[[ Supplied data open ]]
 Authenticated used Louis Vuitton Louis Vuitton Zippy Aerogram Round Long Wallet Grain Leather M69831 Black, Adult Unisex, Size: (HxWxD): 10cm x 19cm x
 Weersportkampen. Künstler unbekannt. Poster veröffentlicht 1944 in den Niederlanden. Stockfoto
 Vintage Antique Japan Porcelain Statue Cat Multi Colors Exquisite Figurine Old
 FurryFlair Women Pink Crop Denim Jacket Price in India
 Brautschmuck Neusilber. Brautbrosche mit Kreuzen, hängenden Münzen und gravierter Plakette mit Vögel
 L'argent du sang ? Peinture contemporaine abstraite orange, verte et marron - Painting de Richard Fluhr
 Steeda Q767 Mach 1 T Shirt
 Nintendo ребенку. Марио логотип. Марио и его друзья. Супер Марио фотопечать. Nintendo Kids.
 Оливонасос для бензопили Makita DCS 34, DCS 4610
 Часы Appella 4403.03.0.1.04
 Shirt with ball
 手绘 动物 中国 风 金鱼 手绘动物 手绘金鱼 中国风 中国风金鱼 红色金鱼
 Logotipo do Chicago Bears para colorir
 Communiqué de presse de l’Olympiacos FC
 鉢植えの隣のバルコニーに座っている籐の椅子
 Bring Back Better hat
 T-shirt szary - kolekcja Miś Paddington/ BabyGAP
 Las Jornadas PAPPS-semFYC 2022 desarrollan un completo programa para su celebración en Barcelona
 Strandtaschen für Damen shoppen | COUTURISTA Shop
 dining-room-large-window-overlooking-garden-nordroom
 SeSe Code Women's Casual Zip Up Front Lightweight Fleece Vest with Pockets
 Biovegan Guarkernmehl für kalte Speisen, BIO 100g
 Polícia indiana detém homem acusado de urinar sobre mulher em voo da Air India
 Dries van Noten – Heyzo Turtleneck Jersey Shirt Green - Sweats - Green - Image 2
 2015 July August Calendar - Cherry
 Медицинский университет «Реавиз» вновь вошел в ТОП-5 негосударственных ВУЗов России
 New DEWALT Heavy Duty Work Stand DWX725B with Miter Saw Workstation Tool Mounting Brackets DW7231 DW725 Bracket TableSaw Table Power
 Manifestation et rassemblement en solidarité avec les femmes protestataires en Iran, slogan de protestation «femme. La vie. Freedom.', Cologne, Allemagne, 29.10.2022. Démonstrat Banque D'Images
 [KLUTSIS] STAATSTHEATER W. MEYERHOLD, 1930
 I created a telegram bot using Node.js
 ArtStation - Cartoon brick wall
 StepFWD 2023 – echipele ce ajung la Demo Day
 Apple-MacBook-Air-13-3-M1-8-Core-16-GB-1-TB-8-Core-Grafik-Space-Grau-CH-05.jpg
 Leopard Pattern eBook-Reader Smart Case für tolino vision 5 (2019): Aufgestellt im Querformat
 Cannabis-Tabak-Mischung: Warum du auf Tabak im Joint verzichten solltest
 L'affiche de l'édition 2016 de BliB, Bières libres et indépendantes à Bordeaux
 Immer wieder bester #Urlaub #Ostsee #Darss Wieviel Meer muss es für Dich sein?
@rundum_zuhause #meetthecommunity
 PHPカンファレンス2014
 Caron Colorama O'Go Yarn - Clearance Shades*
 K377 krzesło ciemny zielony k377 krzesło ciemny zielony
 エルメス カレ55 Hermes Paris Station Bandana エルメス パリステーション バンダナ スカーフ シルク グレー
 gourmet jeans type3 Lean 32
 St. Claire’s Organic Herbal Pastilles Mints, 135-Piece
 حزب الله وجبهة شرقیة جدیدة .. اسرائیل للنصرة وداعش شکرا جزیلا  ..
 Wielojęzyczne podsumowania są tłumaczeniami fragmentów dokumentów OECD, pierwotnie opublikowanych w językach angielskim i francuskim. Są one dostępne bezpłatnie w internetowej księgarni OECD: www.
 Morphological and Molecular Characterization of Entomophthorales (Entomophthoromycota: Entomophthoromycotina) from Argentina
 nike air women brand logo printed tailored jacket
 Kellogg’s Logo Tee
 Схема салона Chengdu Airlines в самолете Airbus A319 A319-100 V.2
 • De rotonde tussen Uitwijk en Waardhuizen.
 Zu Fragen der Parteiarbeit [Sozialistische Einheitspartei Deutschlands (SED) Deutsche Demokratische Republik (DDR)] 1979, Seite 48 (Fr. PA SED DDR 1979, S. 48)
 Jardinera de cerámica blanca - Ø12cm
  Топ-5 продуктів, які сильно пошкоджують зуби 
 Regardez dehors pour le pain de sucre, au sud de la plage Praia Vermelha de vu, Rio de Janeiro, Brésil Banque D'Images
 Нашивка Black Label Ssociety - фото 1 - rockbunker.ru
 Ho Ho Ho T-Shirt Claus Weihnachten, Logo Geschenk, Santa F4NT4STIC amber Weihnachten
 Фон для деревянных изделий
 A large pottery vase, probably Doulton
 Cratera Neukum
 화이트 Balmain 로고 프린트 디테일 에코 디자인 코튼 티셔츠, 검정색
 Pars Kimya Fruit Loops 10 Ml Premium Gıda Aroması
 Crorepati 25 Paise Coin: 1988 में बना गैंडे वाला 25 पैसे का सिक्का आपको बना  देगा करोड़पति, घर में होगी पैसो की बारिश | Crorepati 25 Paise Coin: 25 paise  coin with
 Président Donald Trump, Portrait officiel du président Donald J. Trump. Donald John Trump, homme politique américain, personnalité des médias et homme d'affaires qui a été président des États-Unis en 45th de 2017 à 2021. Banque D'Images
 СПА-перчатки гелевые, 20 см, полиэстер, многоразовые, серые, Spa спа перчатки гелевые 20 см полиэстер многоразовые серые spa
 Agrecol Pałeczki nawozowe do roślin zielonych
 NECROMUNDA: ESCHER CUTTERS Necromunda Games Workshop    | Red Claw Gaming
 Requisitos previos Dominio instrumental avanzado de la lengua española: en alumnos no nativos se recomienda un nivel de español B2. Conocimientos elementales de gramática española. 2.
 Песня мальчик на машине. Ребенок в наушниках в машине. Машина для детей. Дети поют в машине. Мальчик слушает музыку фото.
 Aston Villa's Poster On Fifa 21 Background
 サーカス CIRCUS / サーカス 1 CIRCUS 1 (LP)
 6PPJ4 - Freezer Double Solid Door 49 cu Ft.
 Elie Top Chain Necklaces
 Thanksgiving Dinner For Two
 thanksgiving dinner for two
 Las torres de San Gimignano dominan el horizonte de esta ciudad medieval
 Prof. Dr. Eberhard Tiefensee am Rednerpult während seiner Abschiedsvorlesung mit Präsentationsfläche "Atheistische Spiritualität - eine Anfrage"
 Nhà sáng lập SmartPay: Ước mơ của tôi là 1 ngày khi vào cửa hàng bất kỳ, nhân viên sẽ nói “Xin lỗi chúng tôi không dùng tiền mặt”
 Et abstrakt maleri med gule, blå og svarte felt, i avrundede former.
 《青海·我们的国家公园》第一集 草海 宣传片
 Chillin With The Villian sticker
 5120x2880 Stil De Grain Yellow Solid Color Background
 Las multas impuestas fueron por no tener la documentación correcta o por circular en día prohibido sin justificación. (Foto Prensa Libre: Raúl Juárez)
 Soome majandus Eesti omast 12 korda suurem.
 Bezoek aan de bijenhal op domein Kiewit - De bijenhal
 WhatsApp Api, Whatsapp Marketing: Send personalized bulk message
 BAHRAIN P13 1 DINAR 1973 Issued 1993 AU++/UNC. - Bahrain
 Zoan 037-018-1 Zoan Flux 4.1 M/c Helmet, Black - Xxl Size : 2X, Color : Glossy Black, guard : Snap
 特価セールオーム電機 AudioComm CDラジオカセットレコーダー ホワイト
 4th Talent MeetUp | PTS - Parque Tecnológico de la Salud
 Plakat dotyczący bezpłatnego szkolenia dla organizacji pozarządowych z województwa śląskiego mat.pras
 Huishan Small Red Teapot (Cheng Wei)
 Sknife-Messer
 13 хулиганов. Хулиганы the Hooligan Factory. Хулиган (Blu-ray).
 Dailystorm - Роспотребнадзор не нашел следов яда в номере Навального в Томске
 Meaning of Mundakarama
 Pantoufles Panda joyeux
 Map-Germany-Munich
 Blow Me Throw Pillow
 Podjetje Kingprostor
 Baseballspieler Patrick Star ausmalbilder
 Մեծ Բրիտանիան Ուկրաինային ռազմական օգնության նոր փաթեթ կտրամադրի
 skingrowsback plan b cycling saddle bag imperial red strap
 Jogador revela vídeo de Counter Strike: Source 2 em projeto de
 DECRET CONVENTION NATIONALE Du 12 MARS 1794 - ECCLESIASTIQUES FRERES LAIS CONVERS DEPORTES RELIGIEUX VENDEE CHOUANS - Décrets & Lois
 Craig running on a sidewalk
[[ Supplied data closed ]]
What you have to do =>
If a line in the records above has the word "Grain", copy it.

Problem solution =>
 Authenticated used Louis Vuitton Louis Vuitton Zippy Aerogram Round Long Wallet Grain Leather M69831 Black, Adult Unisex, Size: (HxWxD): 10cm x 19cm x
 5120x2880 Stil De Grain Yellow Solid Color Background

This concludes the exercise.